What to do: Extract the whole listing as it stands. Do not include the pictures.

Information provided:
━━━

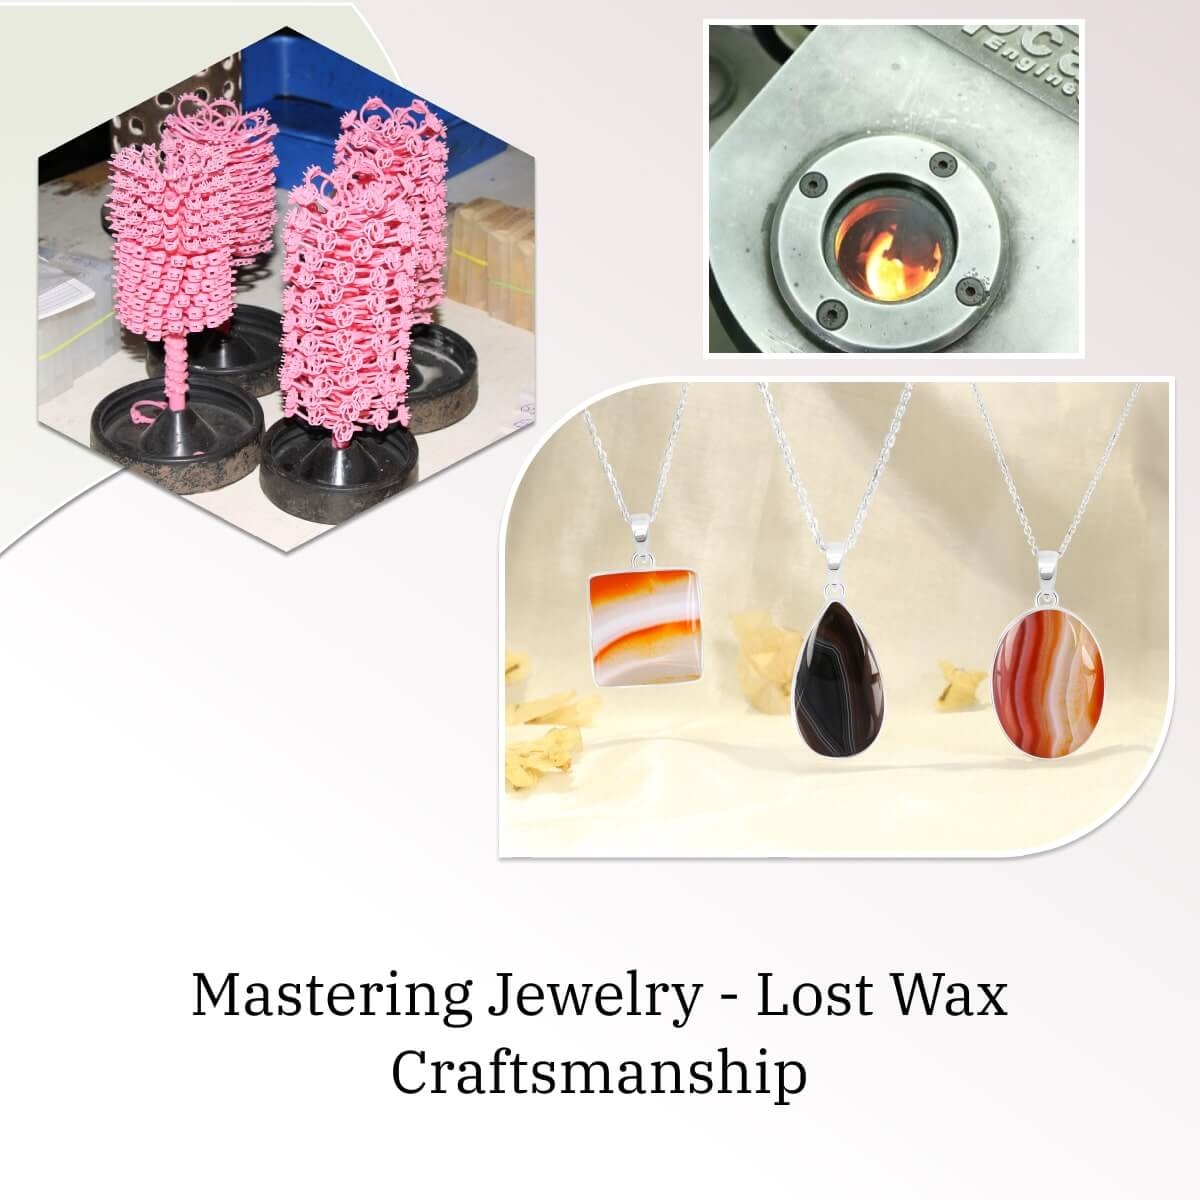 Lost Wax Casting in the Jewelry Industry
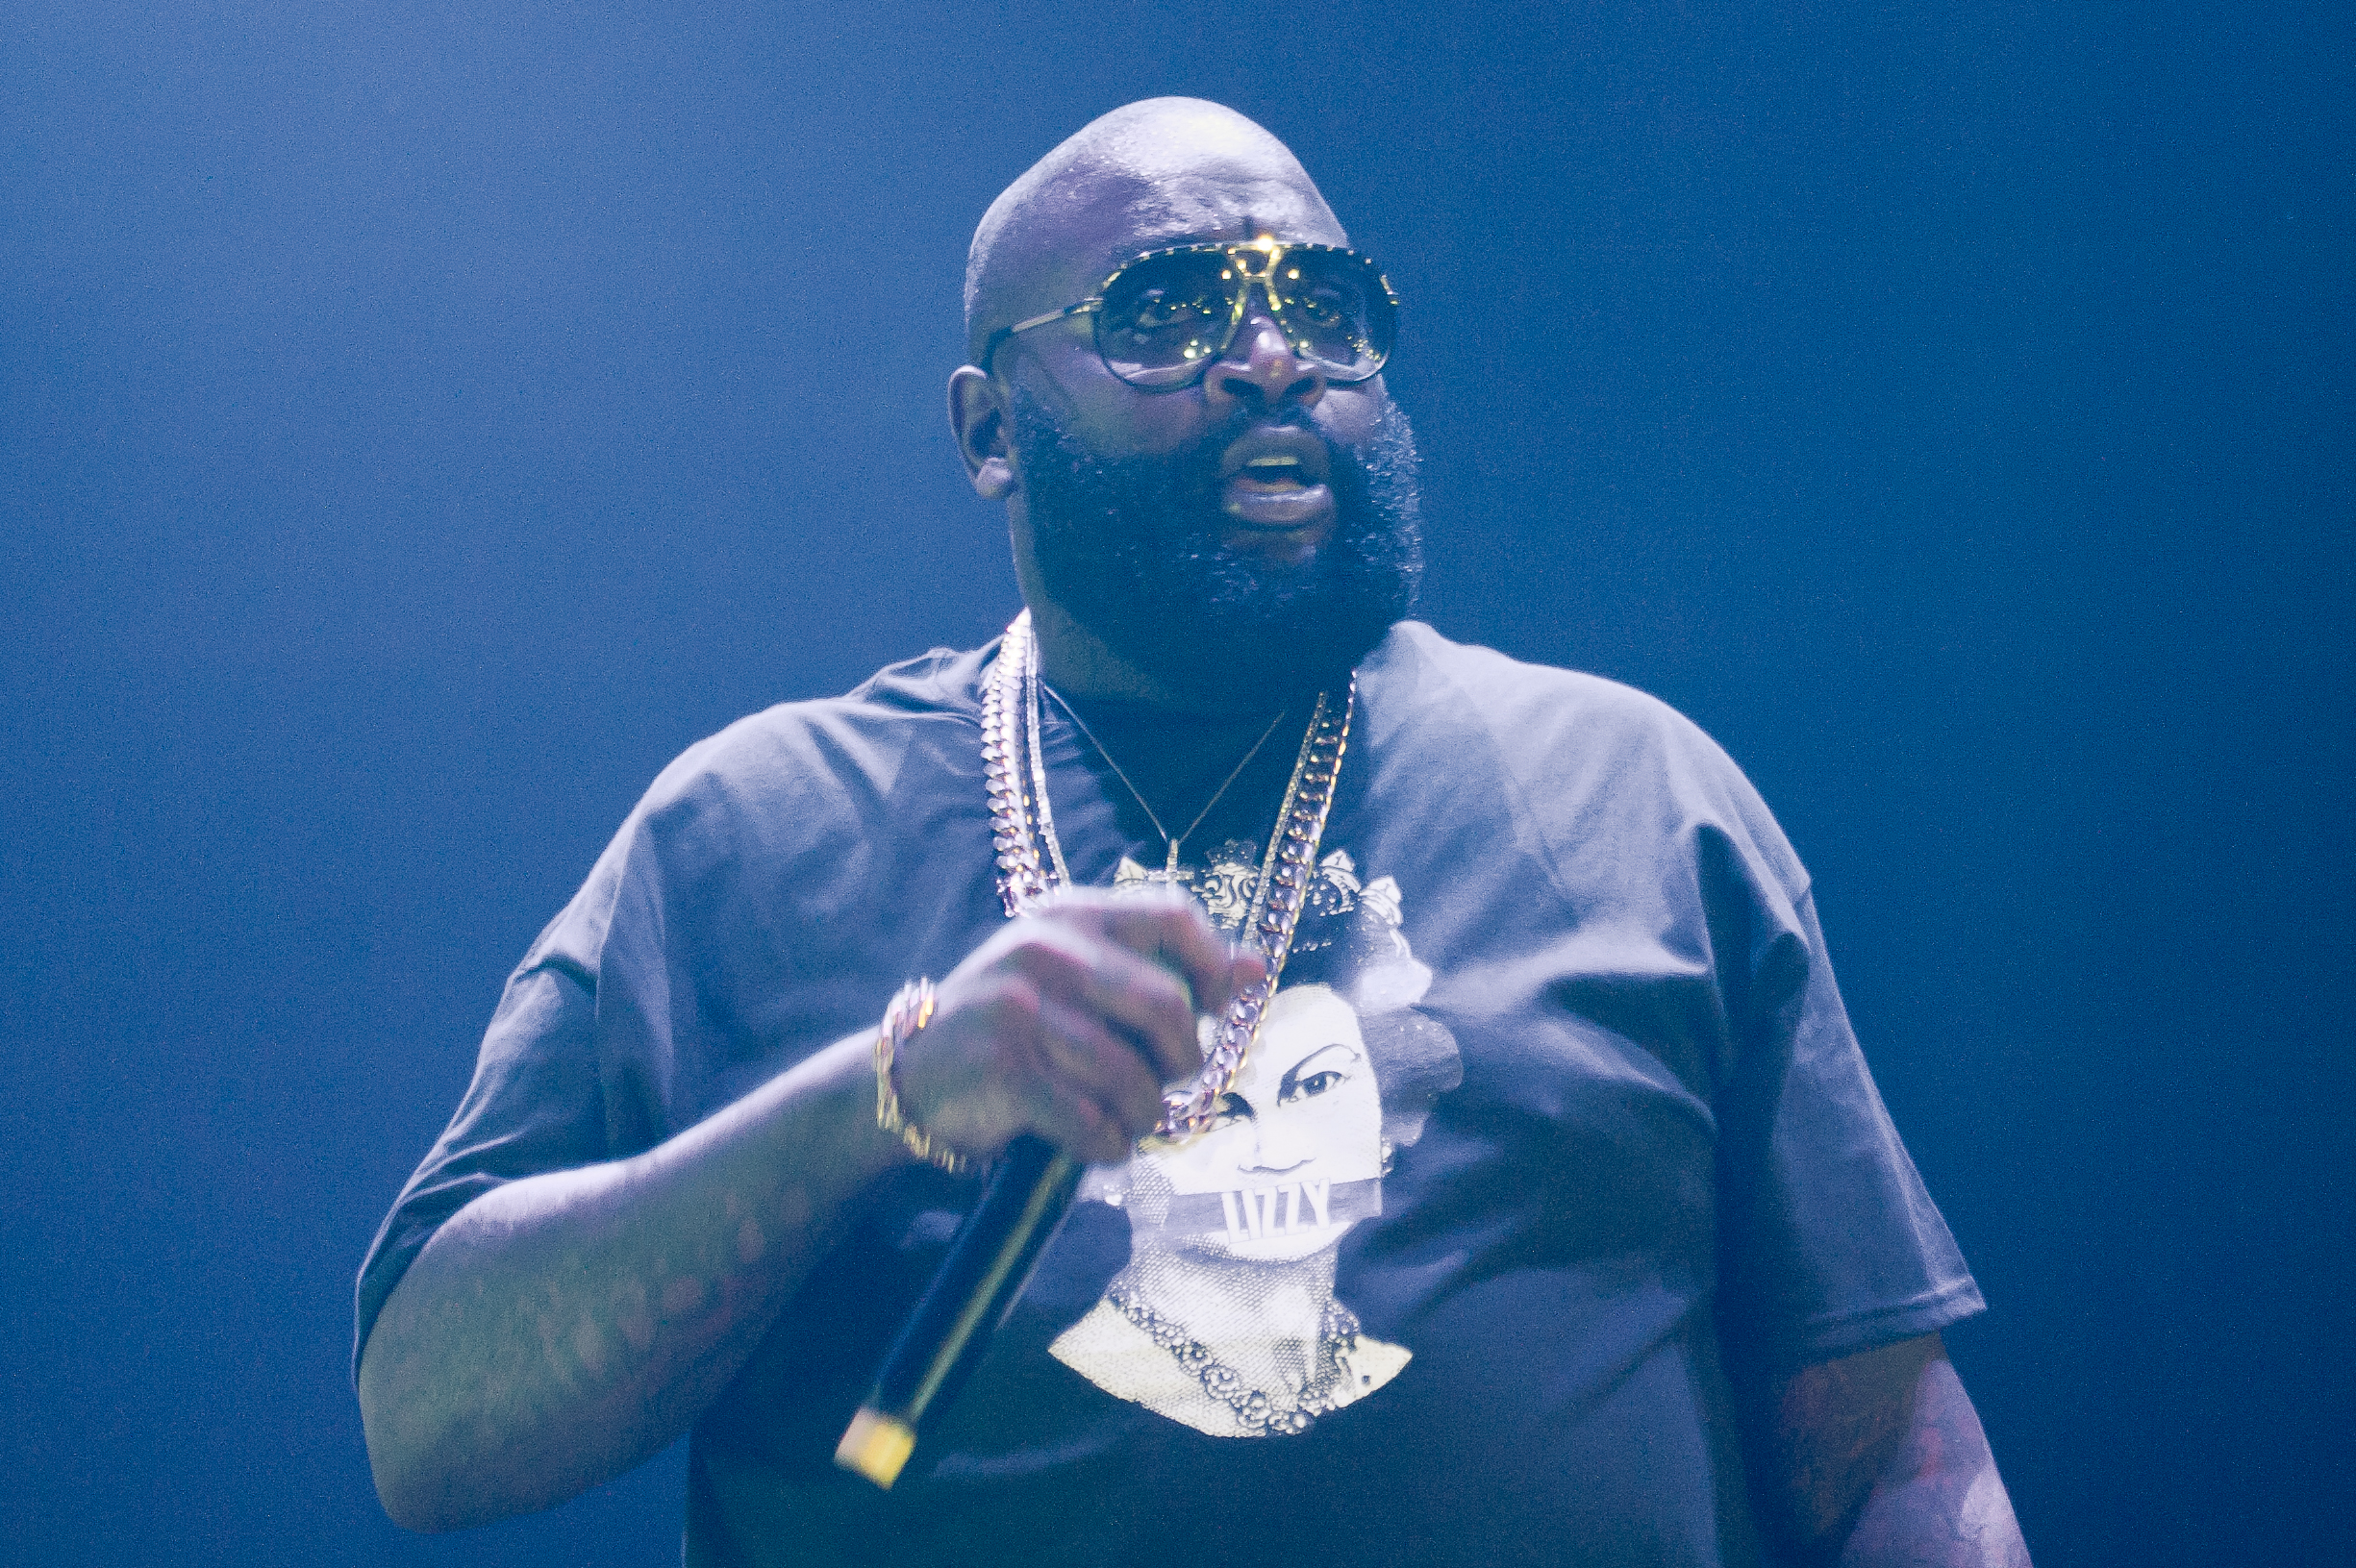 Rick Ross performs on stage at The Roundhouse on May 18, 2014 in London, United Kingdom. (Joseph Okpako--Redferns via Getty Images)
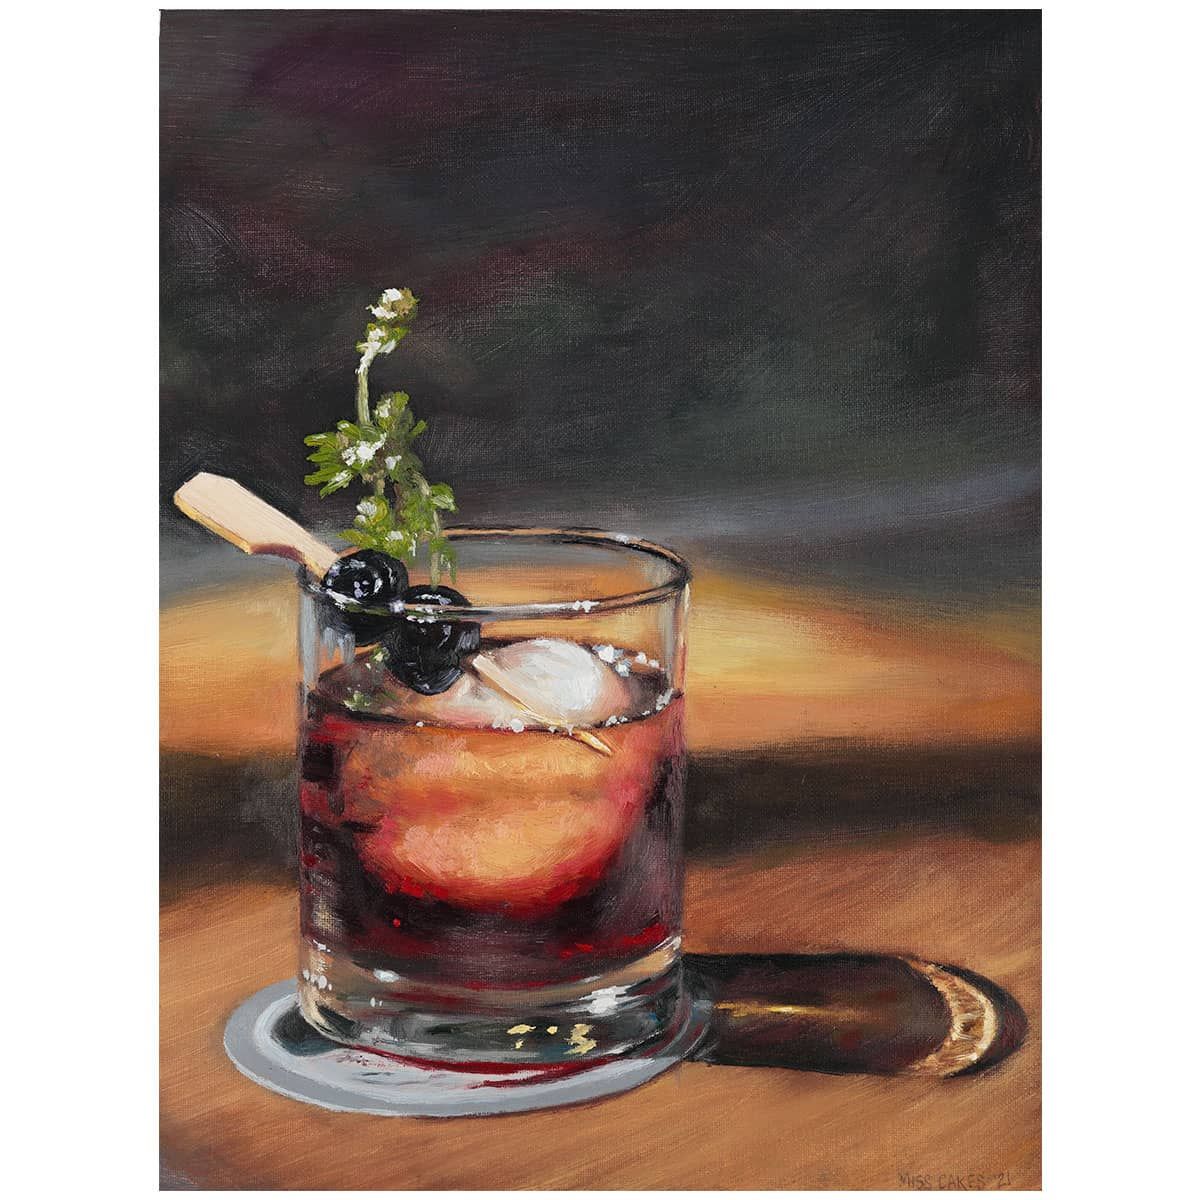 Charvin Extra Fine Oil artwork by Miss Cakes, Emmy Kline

━━━

Answer area:
 Lost Wax Casting in the Jewelry Industry
 Rick Ross performs on stage at The Roundhouse on May 18, 2014 in London, United Kingdom. (Joseph Okpako--Redferns via Getty Images)
 Charvin Extra Fine Oil artwork by Miss Cakes, Emmy Kline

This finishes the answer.